* [Task statement] Starting from the line with "格莱德┋海菱┋九阳豆浆机电路图" and going up to and including the line with "Картофель сорта Люкс", copy the listing below exactly. Leave all images out.

* [Exercise input]
────────────────────────────────────────
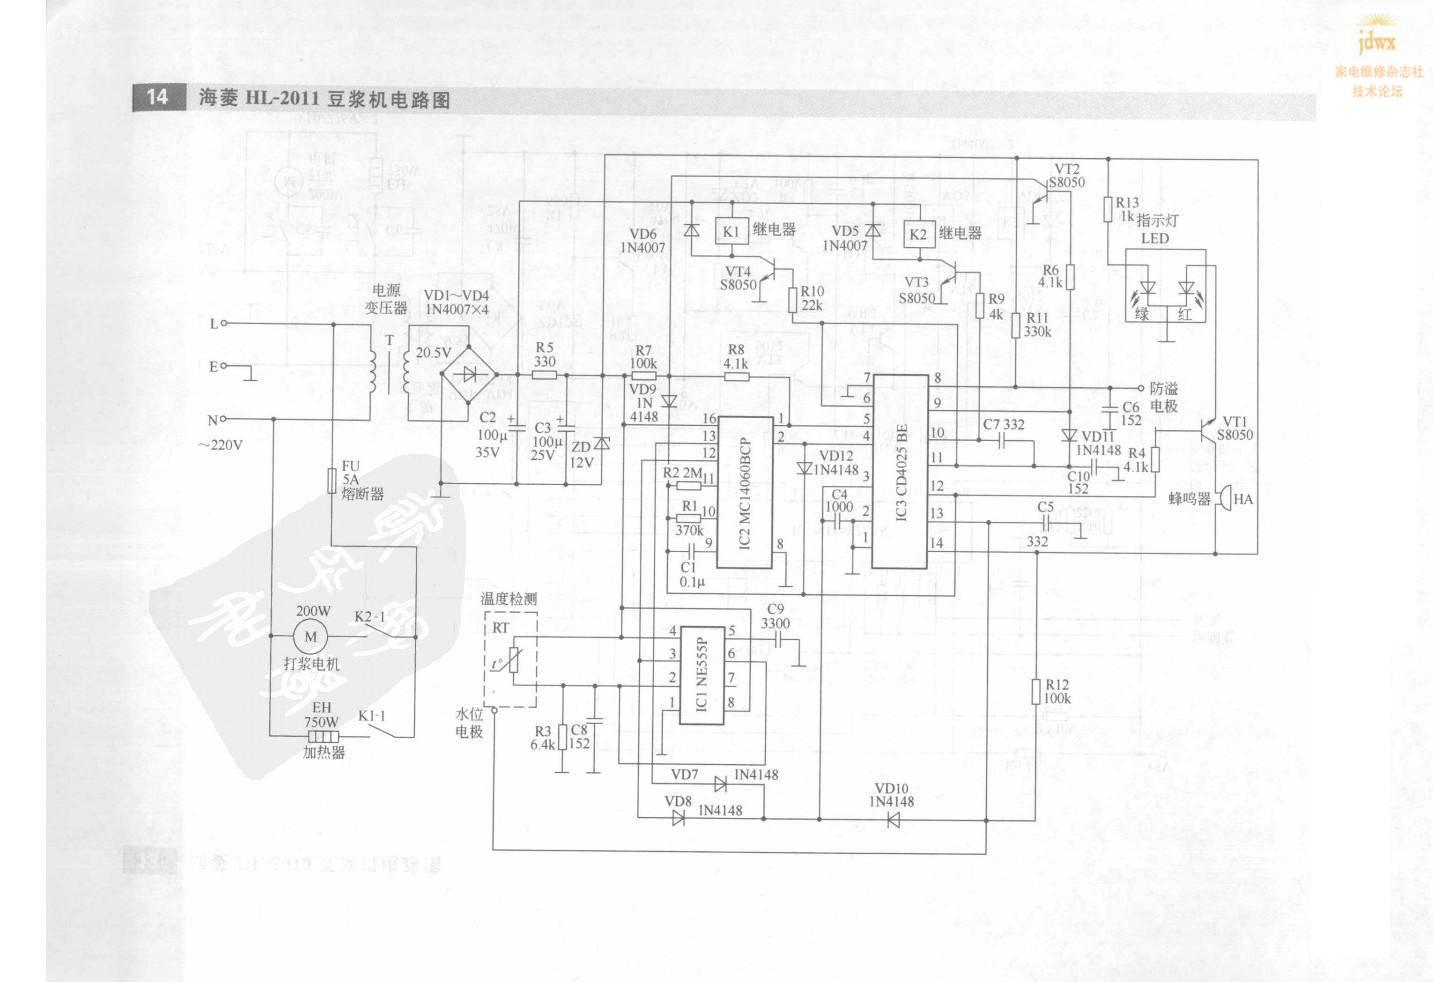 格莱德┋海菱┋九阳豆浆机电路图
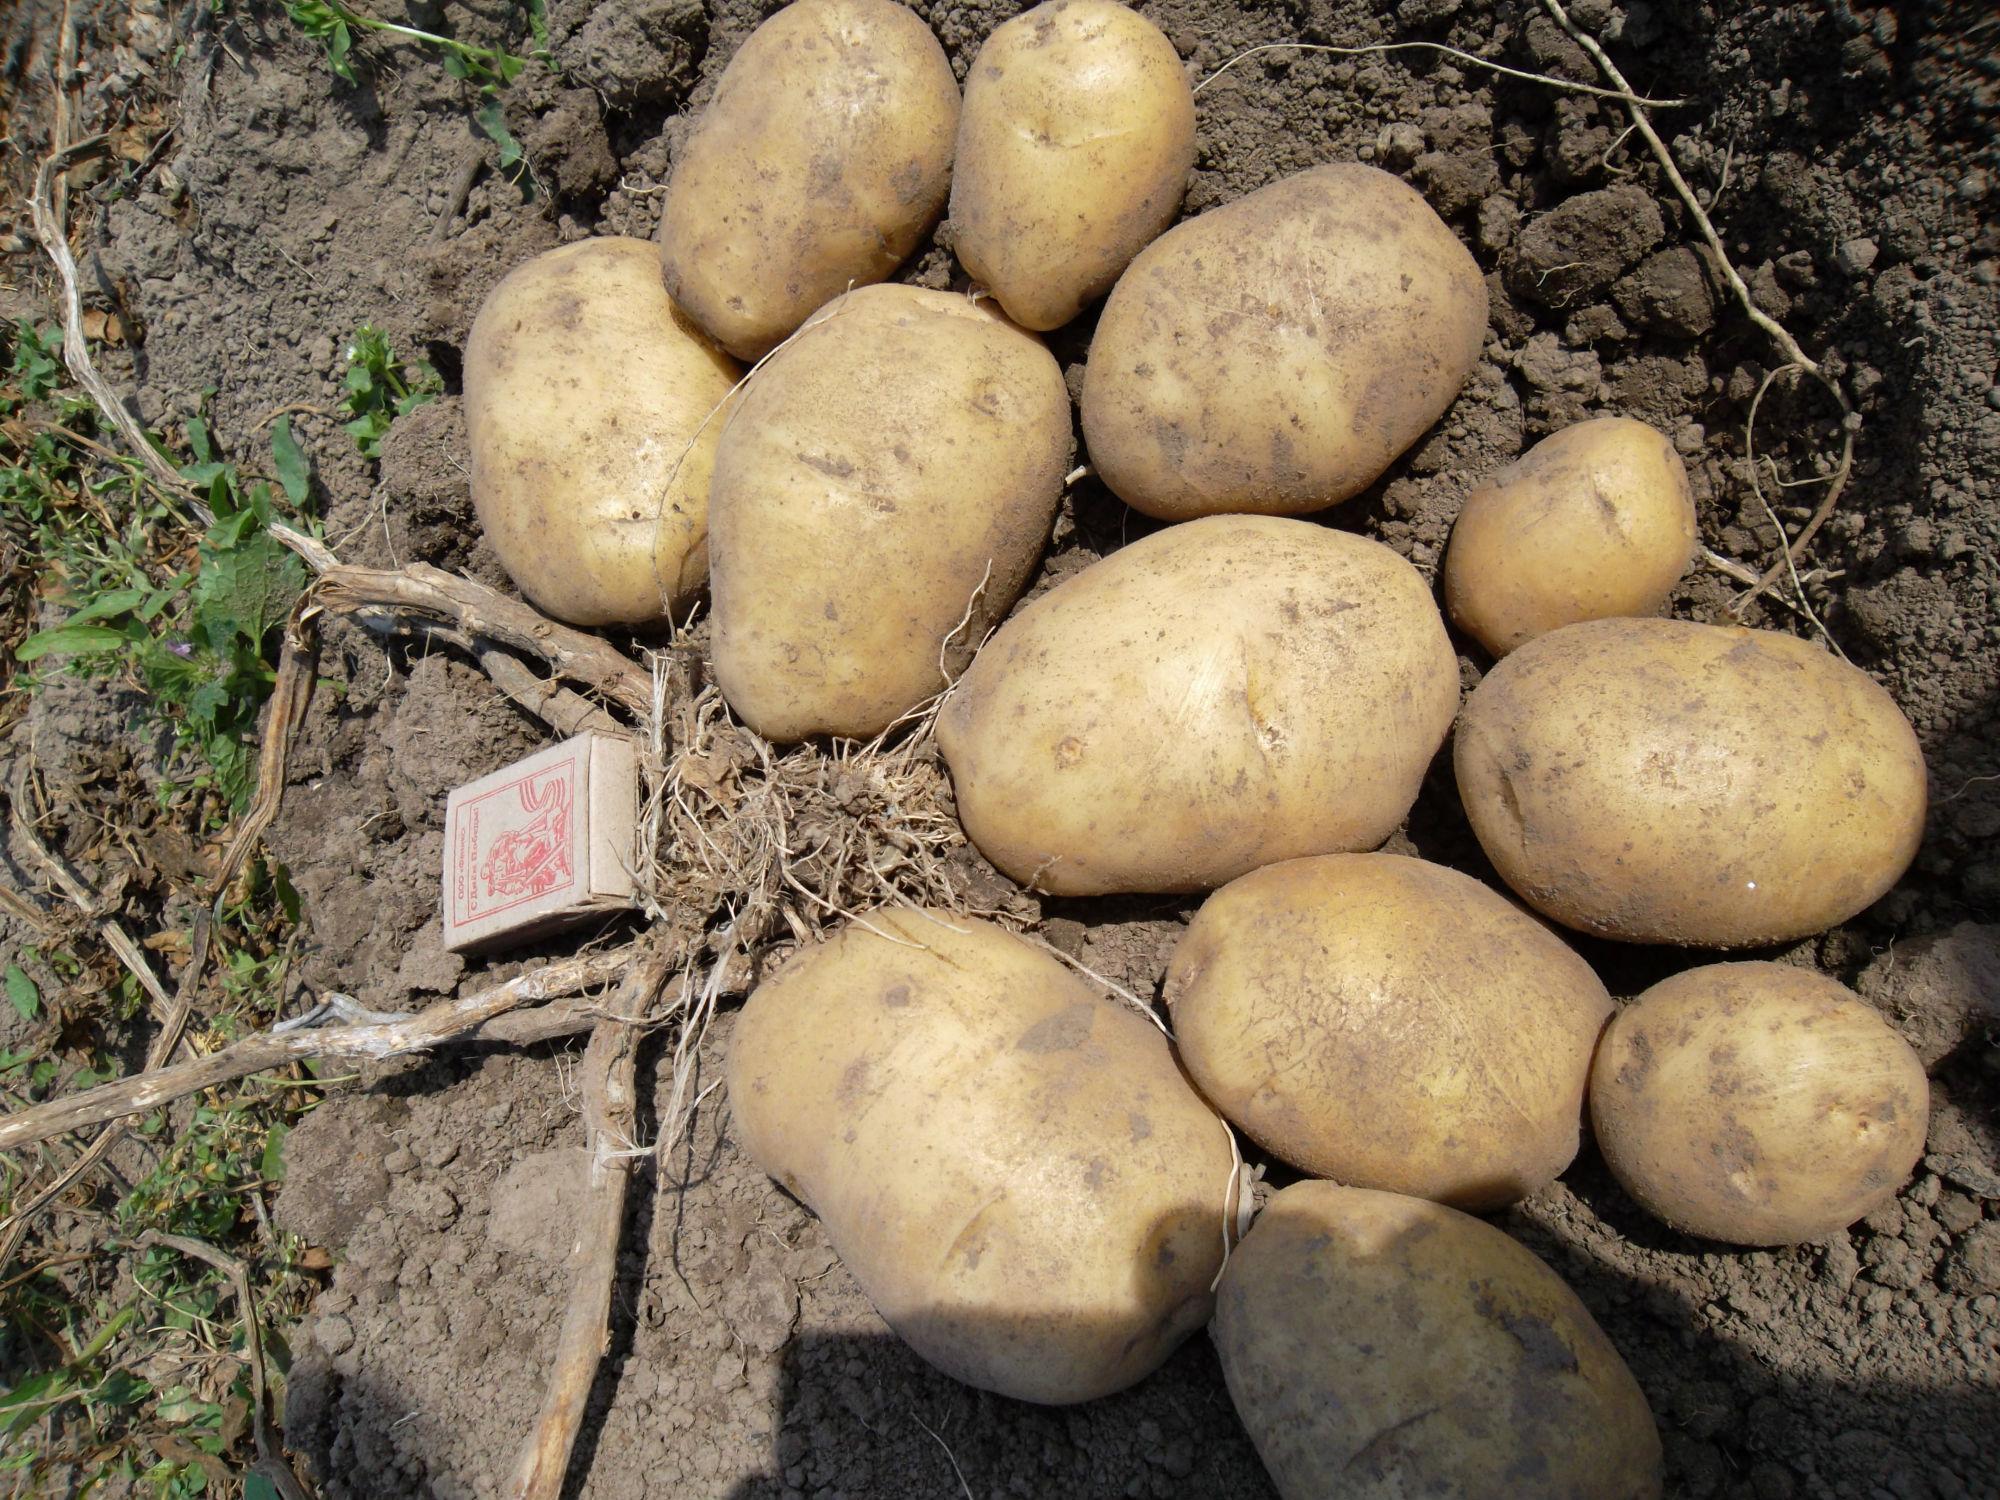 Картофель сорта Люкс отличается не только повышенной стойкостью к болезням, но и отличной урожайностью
────────────────────────────────────────
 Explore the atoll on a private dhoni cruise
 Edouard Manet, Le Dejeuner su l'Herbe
────────────────────────────────────────
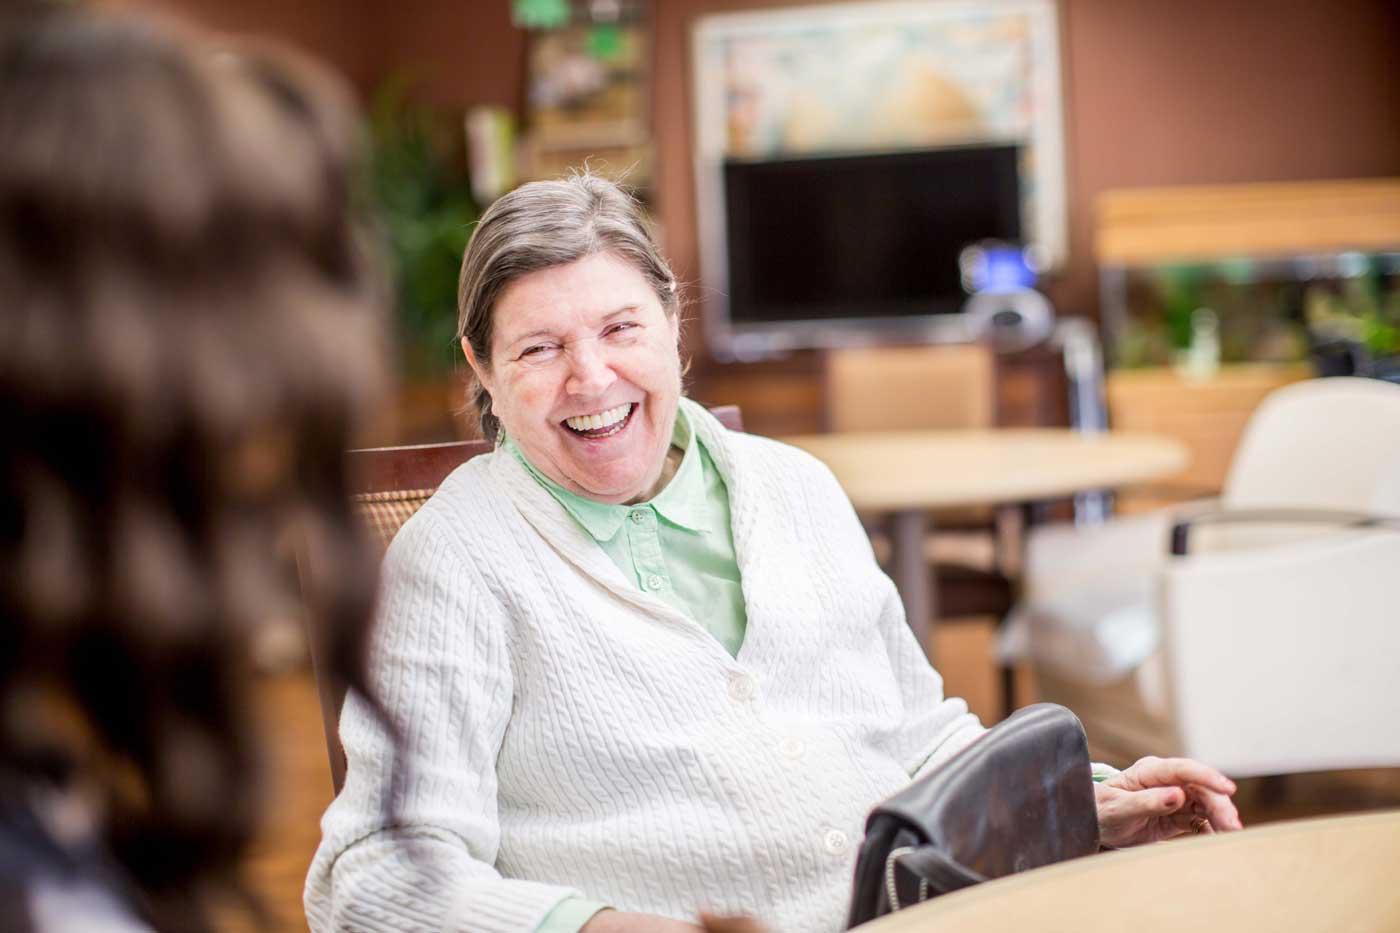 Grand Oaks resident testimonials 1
────────────────────────────────────────
* [Solution below]
 格莱德┋海菱┋九阳豆浆机电路图
 Картофель сорта Люкс отличается не только повышенной стойкостью к болезням, но и отличной урожайностью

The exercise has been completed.